Recently, additional beneficial effects of ARBs have been highlighted.5, 6 Some ARBs, such as telmisartan and irbesartan, have been reported to have a partial peroxisome proliferator-activated receptor (PPAR)-γ agonistic action.7, 8 In addition, irbesartan is reported to have higher affinity for C-C chemokine receptor 2 (CCR2), the monocyte chemoattractant protein-1 (MCP-1) receptor, than other ARBs, such as losartan, based on molecular modeling.⁹ It was also reported that irbesartan inhibited MCP-1 production more strongly than did losartan.¹⁰ This effect of irbesartan could be attributable to inhibitory effects on nuclear factor-kappa B (NF-κB) activation and was independent of AT₁ receptor blockade. Consistent with these results, we recently reported that irbesartan, together with propagermanium, an MCP-1 receptor antagonist, exerted beneficial effects on ischemic brain damage at least owing to its inhibitory effects on MCP-1/CCR2 signaling beyond AT₁ receptor blockade.¹¹

The MCP-1/CCR2 pathway is a major key player in vascular inflammation and remodeling. The roles of the MCP-1/CCR2 pathway in vascular remodeling have been well studied in many experimental animal models.¹² MCP-1 and CCR2 are upregulated in vascular wall cells and cooperate in recruitment of inflammatory cells, such as monocytes and leukocytes, to the injured artery.¹³ In different animal models of arterial injury, inhibition of the MCP-1/CCR2 pathway significantly reduced intimal hyperplasia.¹⁴ For instance, anti-MCP-1 gene therapy inhibited early vascular inflammation, including monocyte infiltration, increased expression of MCP-1, and inflammatory cytokines, resulting in late neointimal formation.¹⁵ These results suggest that inhibition of the MCP-1/CCR2 pathway is important in preventing vascular inflammation and consequent remodeling.

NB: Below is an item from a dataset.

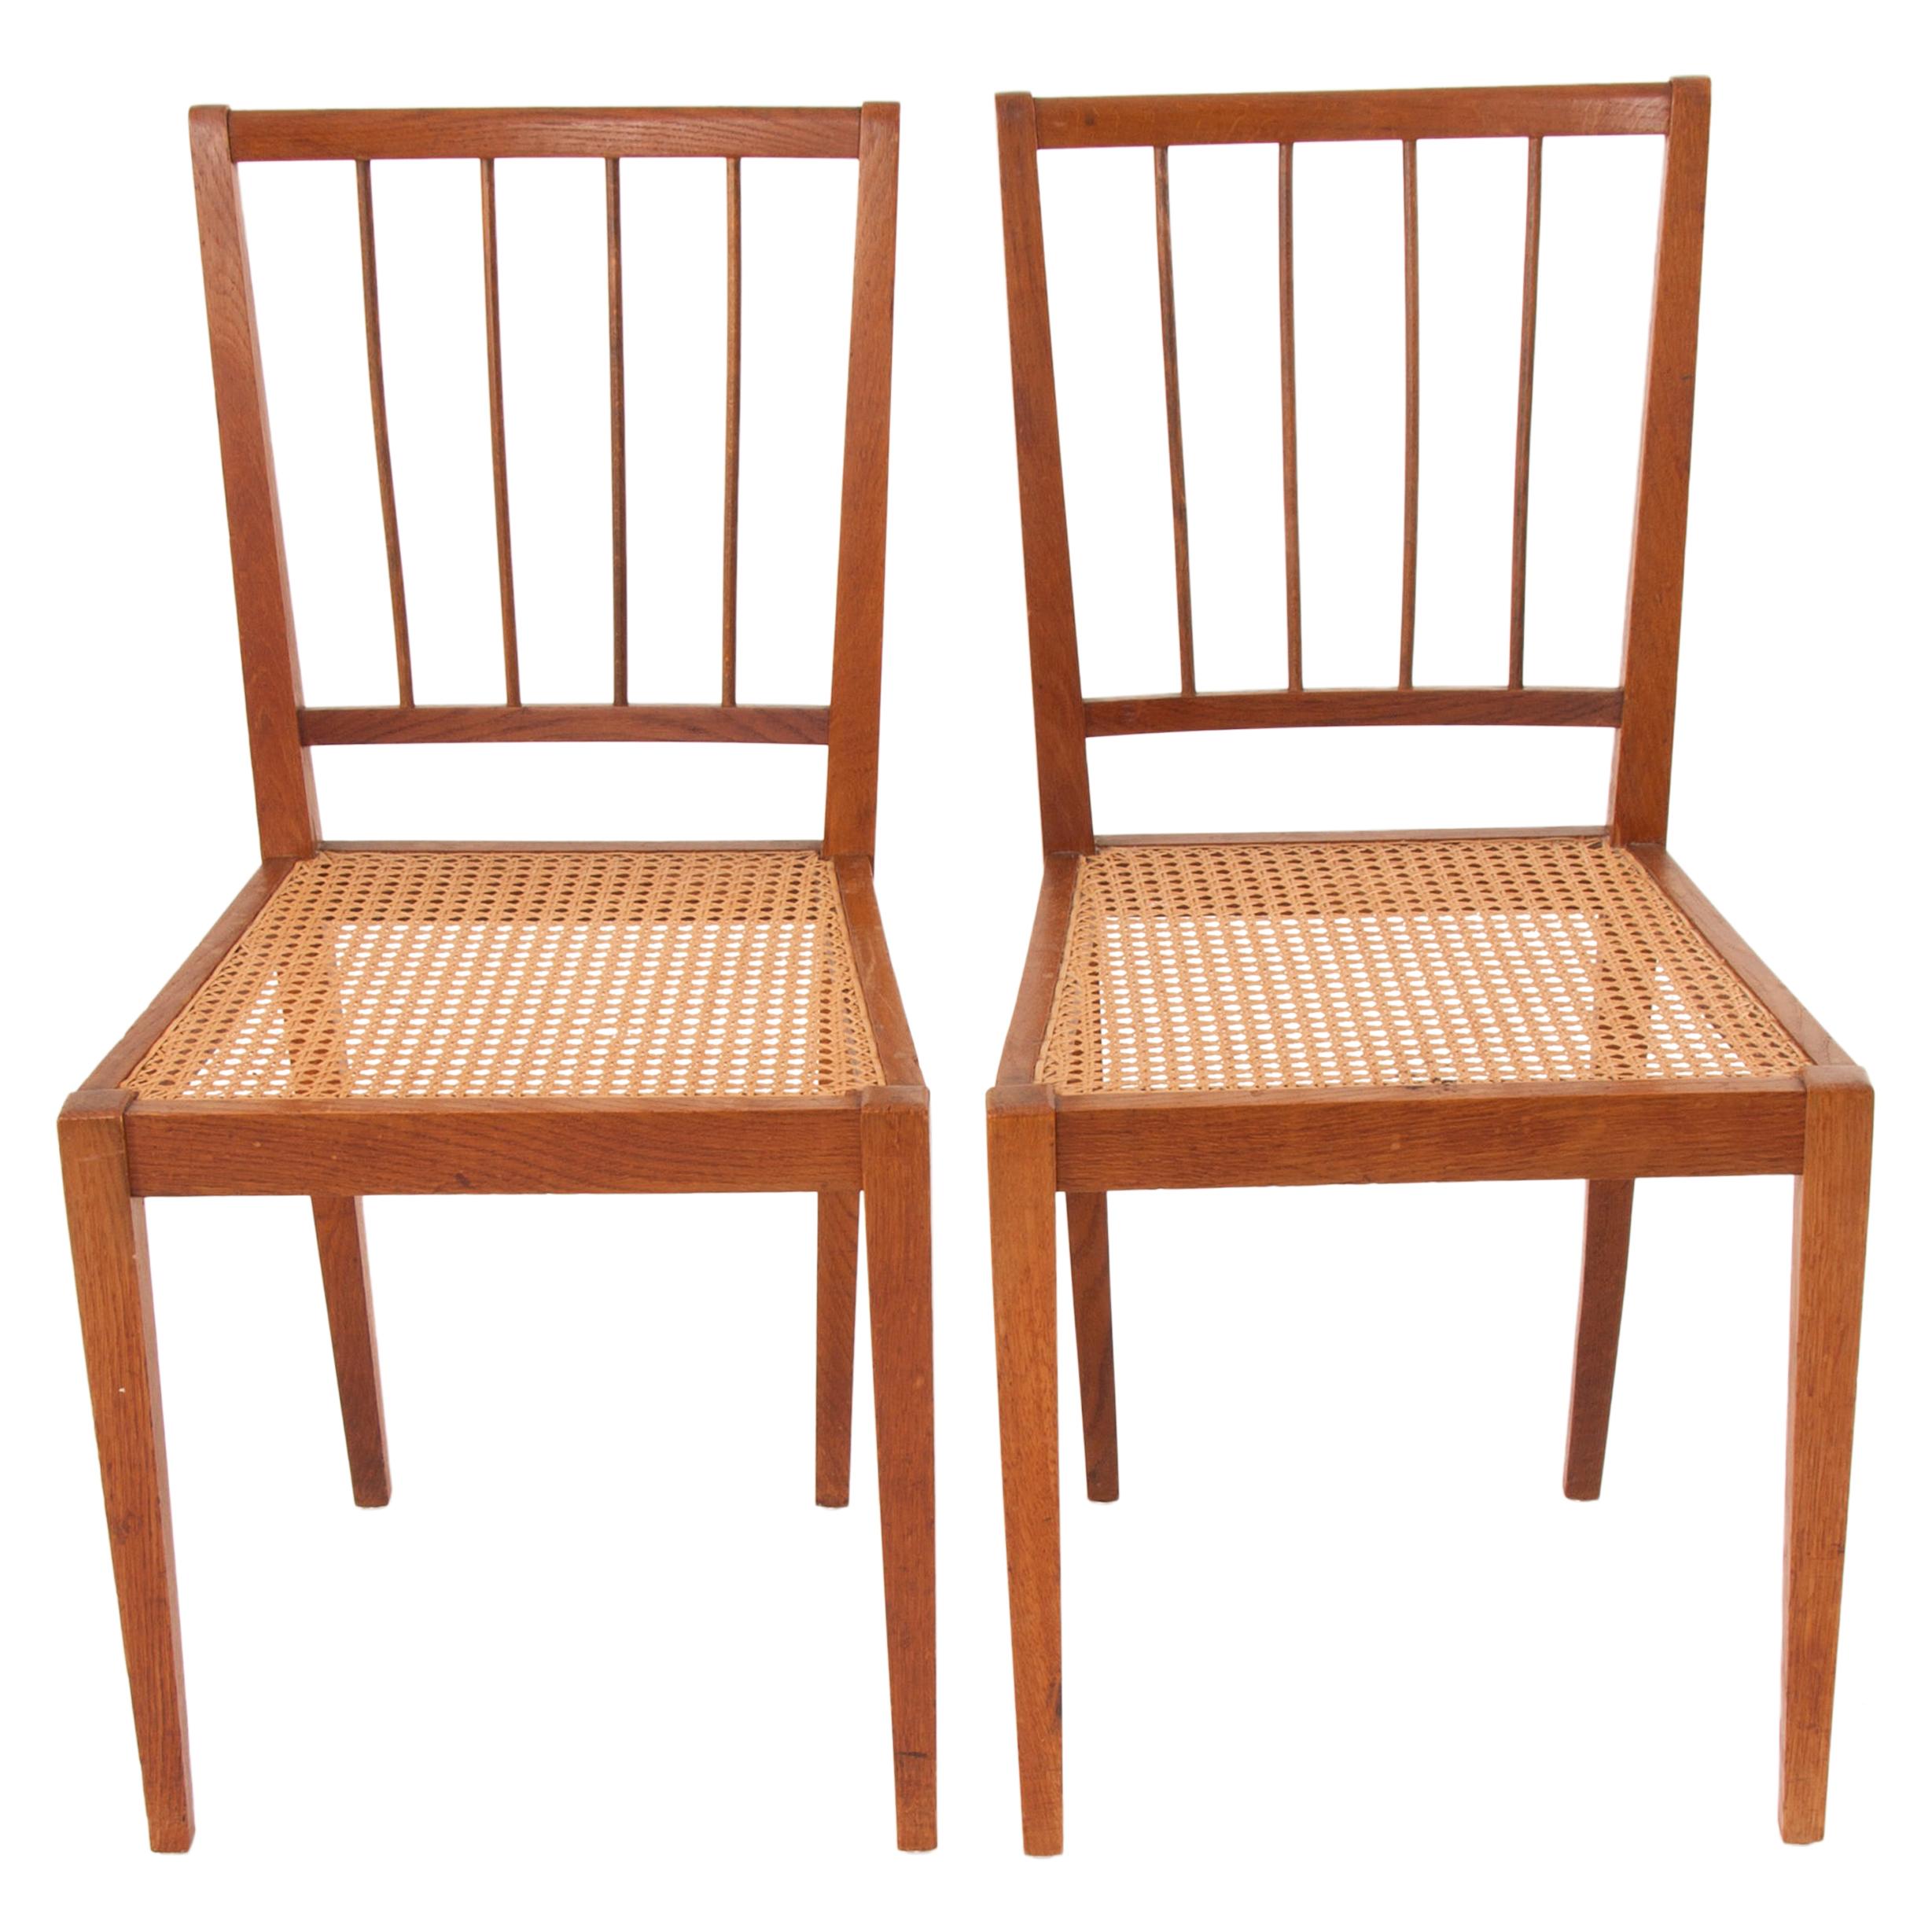 Two Elegant Werkstätte Hagenauer Chairs M006 by Julius Jirasek, Austria, 1930

The anti-inflammatory and antiatherogenic effects of 3-hydroxy-3-methylglutaryl coenzyme A reductase inhibitors (statins) have been extensively studied.¹⁶ Statins have been shown to inhibit MCP-1 expression in the atherogenic arterial wall¹⁷ and MCP-1/CCR2-dependent monocyte recruitment.¹⁸ Yano et al.¹⁹ demonstrated that statins induced a cyclooxygenase (COX)-2-dependent increase in intracellular 15-deoxy-Δ-12, 14-prostaglandin J₂ (15d-PGJ₂) level through both a RhoA- and Cdc42-dependent p38 mitogen-activated protein kinase (MAPK) pathway and a RhoA- and Cdc42-independent extracellular signal regulated kinase (ERK) 1/2 pathway, thereby activating PPAR-γ. In a recent large clinical study, rosuvastatin significantly reduced the incidence of major cardiovascular events in healthy persons without hyperlipidemia but with higher high-sensitivity C-reactive protein levels, suggesting additional beneficial effect of rosuvastatin in addition to its lipid-lowering effect.²⁰ Another recent clinical study using intravascular ultrasonography also showed that maximal doses of rosuvastatin showed significant benefit in atherosclerotic disease regression assessed by total atheroma volume.²¹ These results led us to examine the possibility that irbesartan could exert beneficial effects on vascular remodeling via possible synergistic actions with rosuvastatin by inhibition of the MCP-1/CCR2 cascade.